While systems are designed to prevent harm to patients, their success hinges upon the willingness of staff to raise concerns when they sense concerns, said national safety expert Craig Clapper during the highlighted event of National Patient Safety Week at Christiana Care.
Clapper is a founder and the chief knowledge operator at Healthcare Performance Improvement, a firm that advises hospitals on safety practices. National Patient Safety Week, March 3-9, featured a number of education and awareness activities to celebrate Christiana Care’s commitment to prioritizing patient safety. This year’s theme was Patient Safety 7/365: seven days of recognition, 365 days of commitment to safe care.
Preventable errors will snake through the numerous walls of defense in a well-designed system when that system does not actively promote open and direct communication among its staff about concerns. When a culture of safety is absent, the well-designed system takes the form of a Swiss cheese model, Clapper said.
“Rarely is it a single thing that goes wrong that results in patient harm,” Clapper said. “In a Swiss cheese model, complex systems fail in complex ways. Systems of barriers are thought to be protective in this model, but really the model looks like slices of cheese, with the holes representing problems. What happens when one of those mistakes goes through the holes and reaches the patient? It causes harm.”
On the other hand, harm is prevented when human behavior is grounded in nontechnical skills such as situational awareness and critical thinking. Those skills will intersect with a health system’s safety initiatives, checklists and precautions, fortifying the safety bulwark of the health system so that errors never result in harm.
“What prevents harm more than anything else are the people and the culture within the health system,” Clapper said. “Because even when you have the right systems in place, there is still nearly always a discretionary space in which you are not forced to do something but still simply have to choose do it. For that reason, culture is the strongest behavior-shaping factor – it works in its own right plus it makes the other factors in a system work as well.”
For example, Clapper referenced a major culture shift toward safety in November 2003 at a multi-hospital system on the East Coast that triggered a continuous drop in the rate of serious safety events. The rate of serious safety events had dropped 81 percent over a seven-year period by August 2010.

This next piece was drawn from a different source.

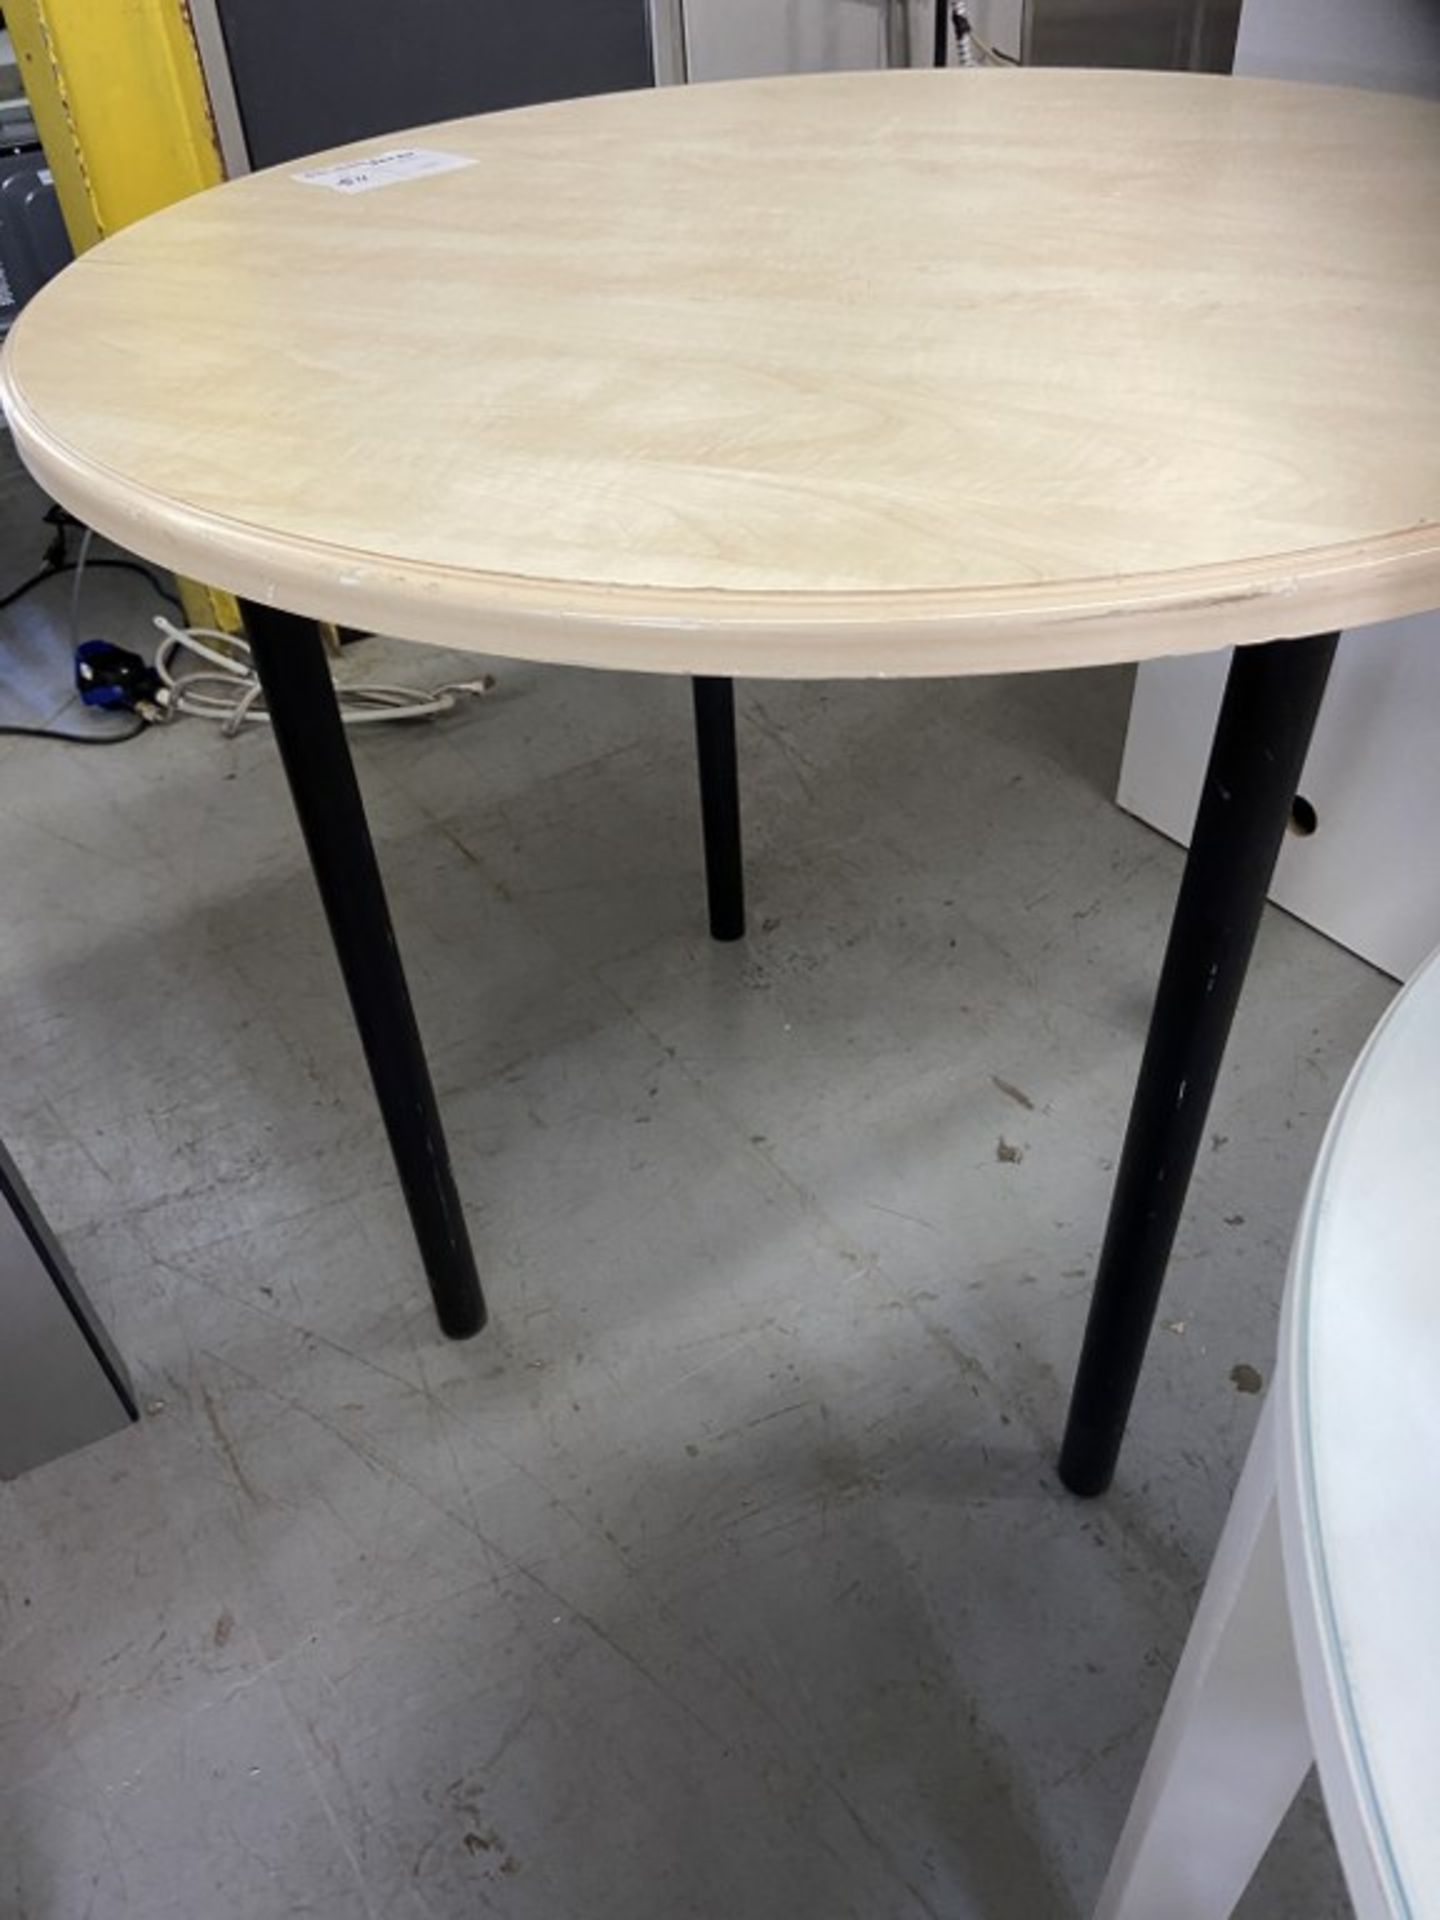 30" ROUND TABLE W/WOOD TOP - Image 2 of 2

Clapper said culture will begin changing when:
- New expectations are set.
- Staff are expected to consult their supervisers.

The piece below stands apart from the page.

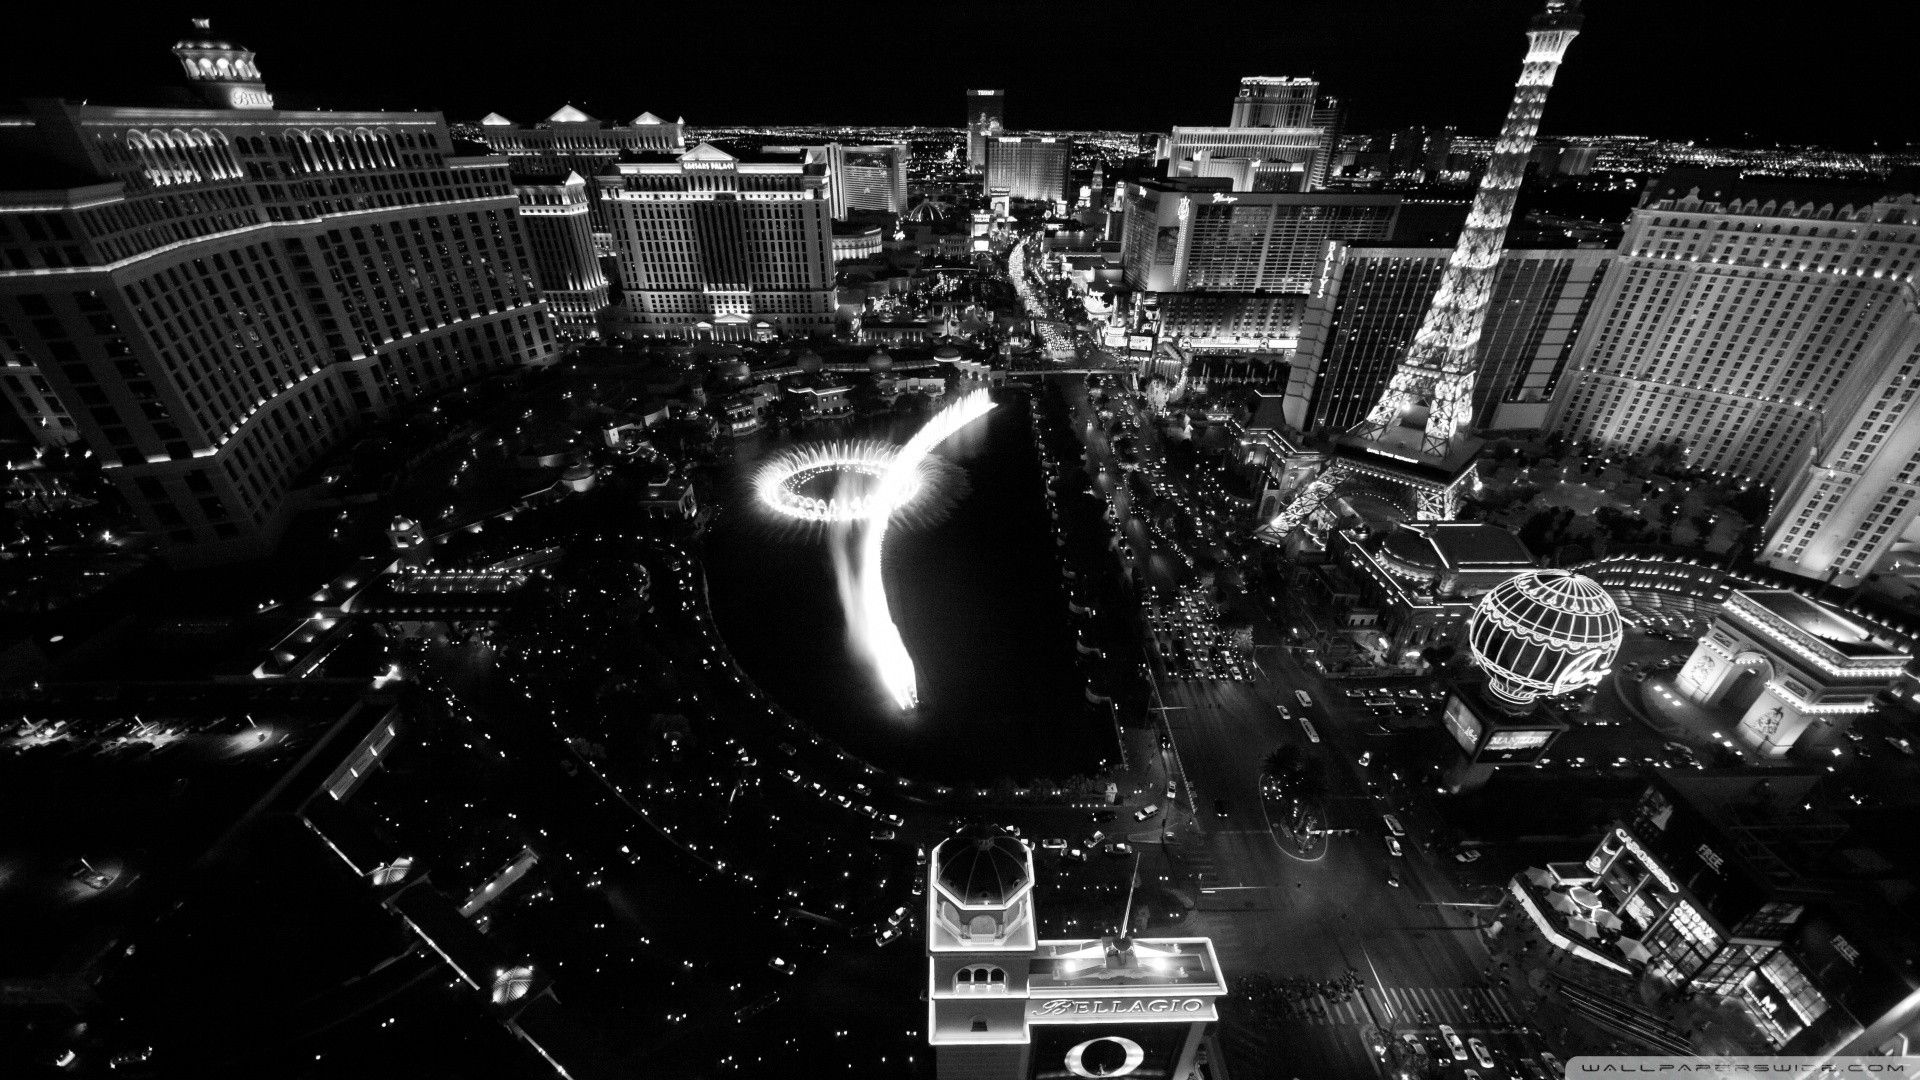 The strip at night in black and white - Las Vegas

- Staff are expected to validate and verify what they know.
- Supervisers are expected to provide feedback to extinguish poor habits and build better habits.

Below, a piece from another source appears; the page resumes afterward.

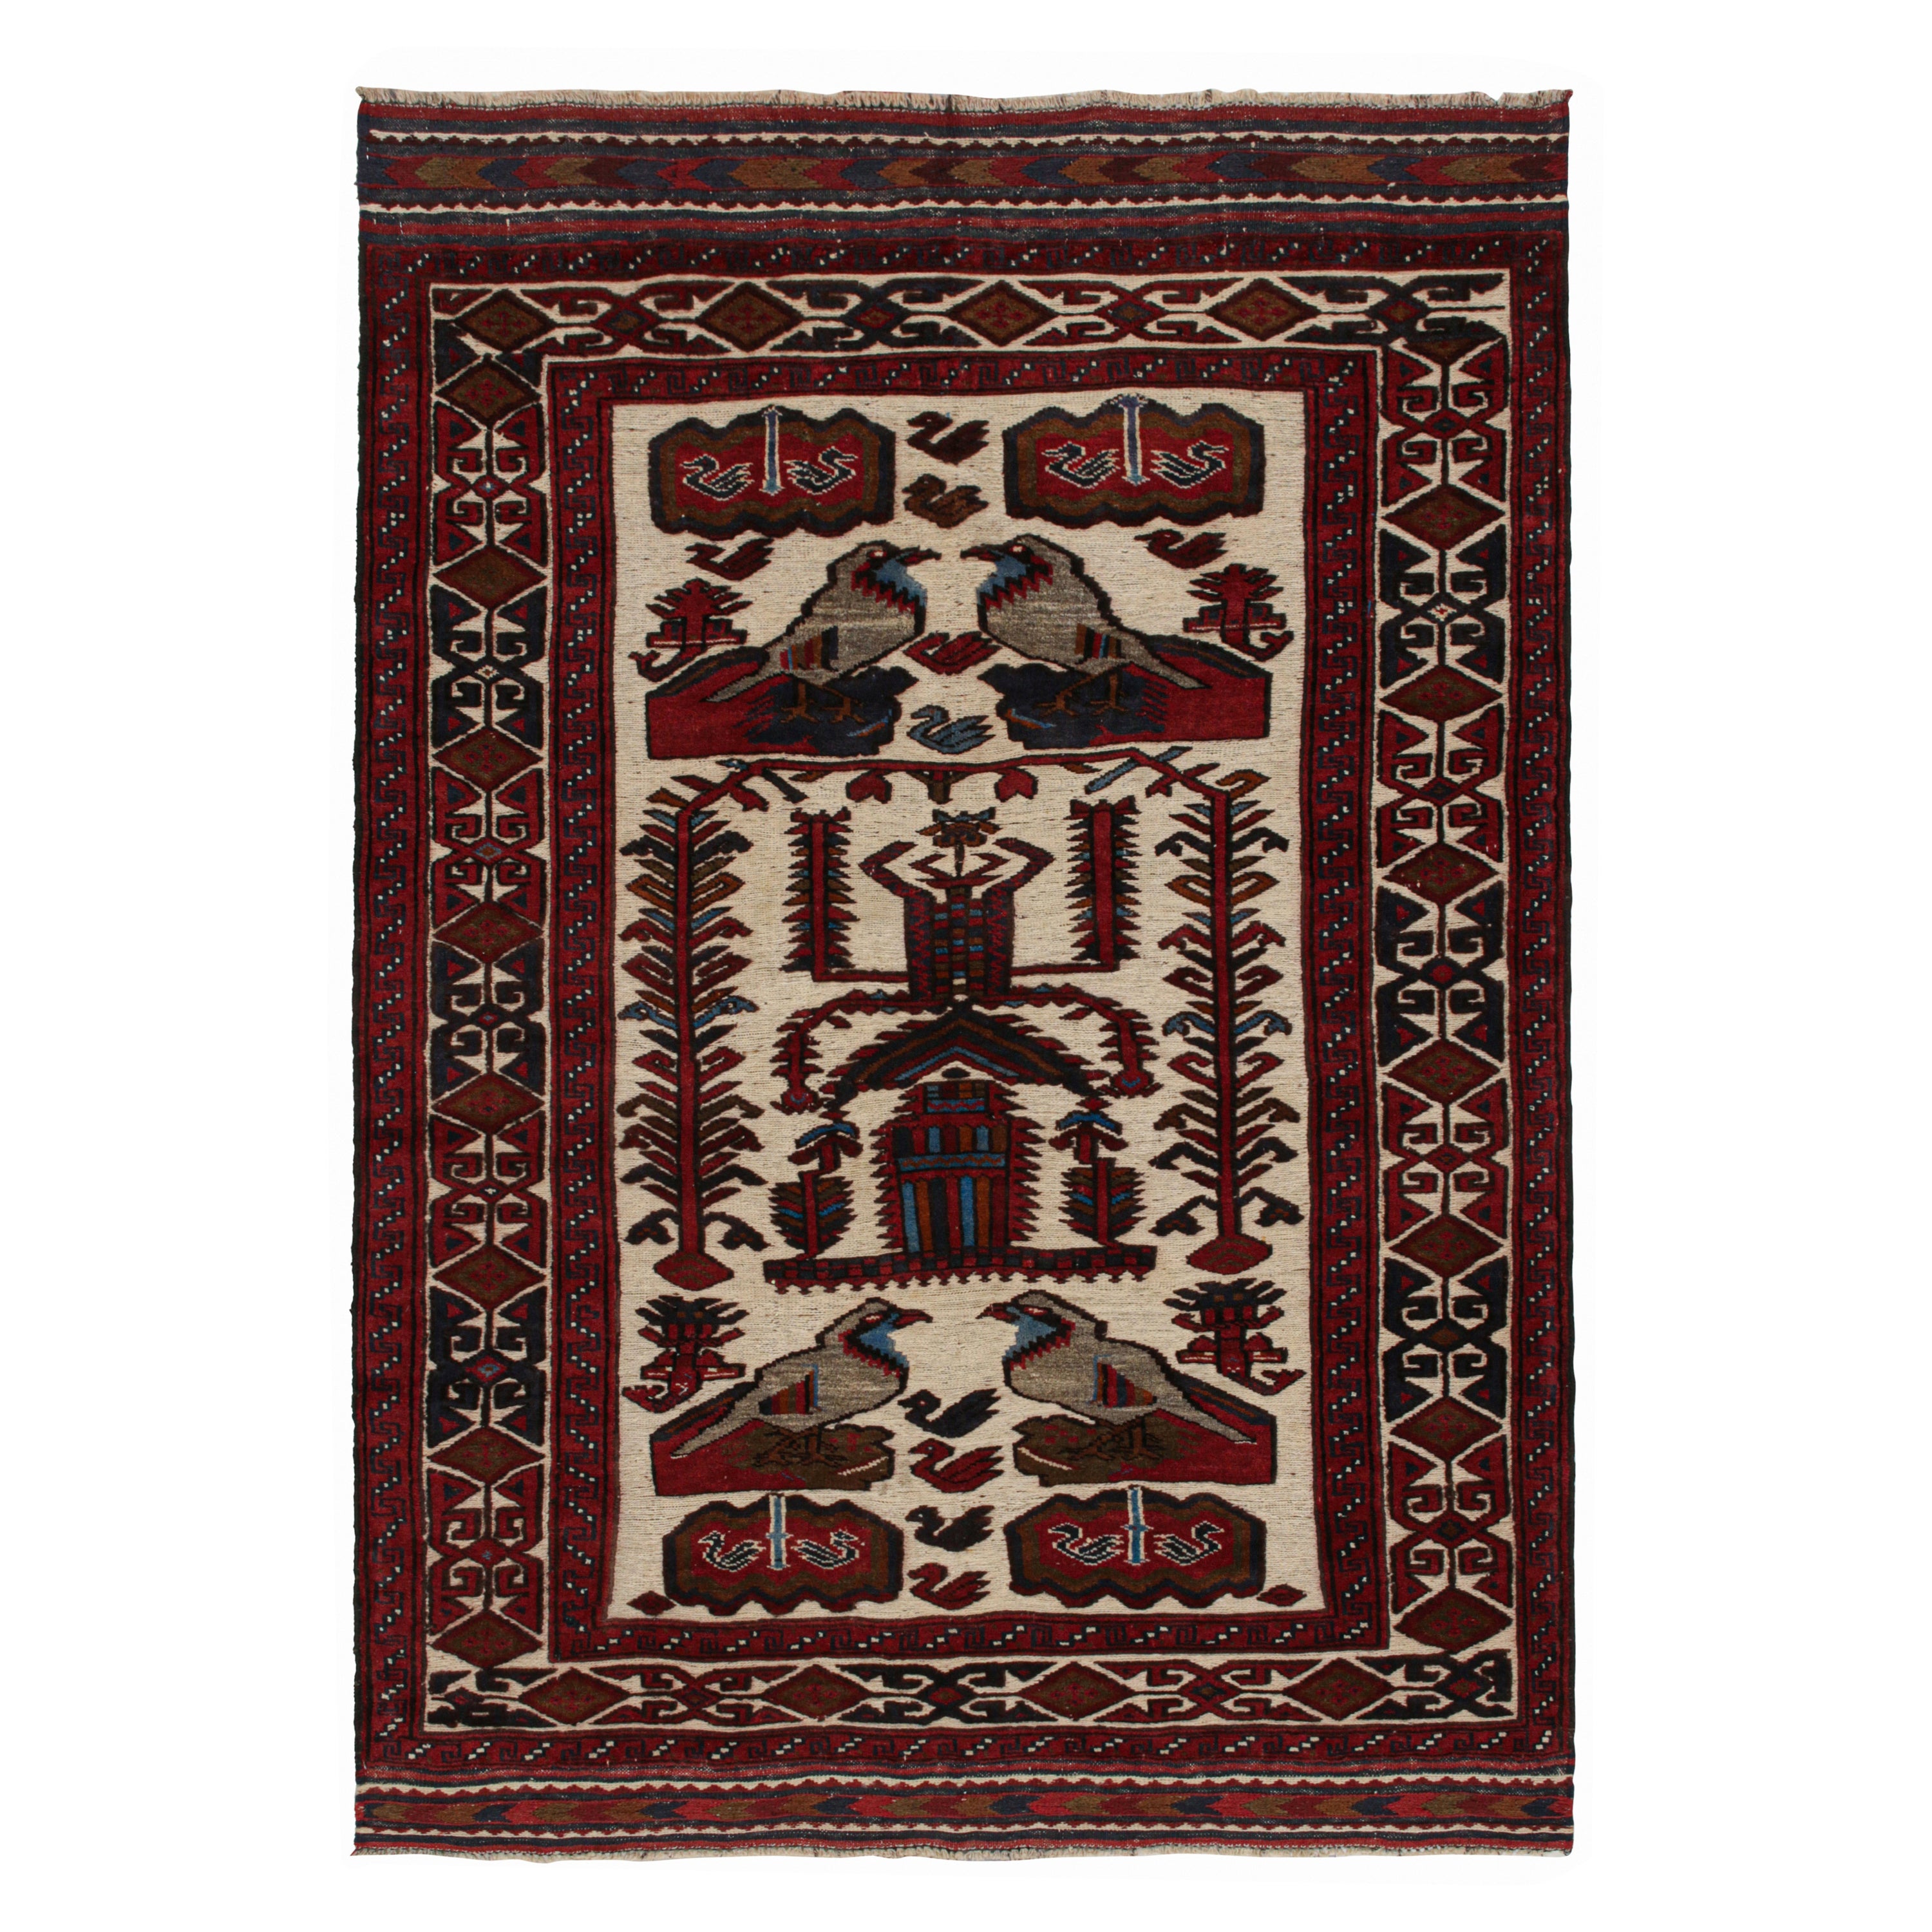 Rug & Kilim’s Persian Barjasta style rug in Beige & Red with Bird Pictorials

“A culture should be designed so that instead of feeling that you are ‘allowed’ to speak up when you have a concern, you instead feel that it is an expectation in your health system that you speak up,” Clapper said.
Once that safety-first culture is the standard and behavior improves, it is incumbent upon a health system to continue to hone it to make it as safe as possible, Clapper said.
“Safety culture is the anecdote for work-around culture because whenever you force people to do something, they’ll look for workarounds if they don’t find value in it,” Clapper said. “But in a safety culture, no one looks for workarounds because they have prioritized safety. It restores the balance so you have people who realize it is important and they still want to do it.”
He added: “In a human-based system, what matters most is what we do. So anything that shapes behavior is strong at shaping outcomes.”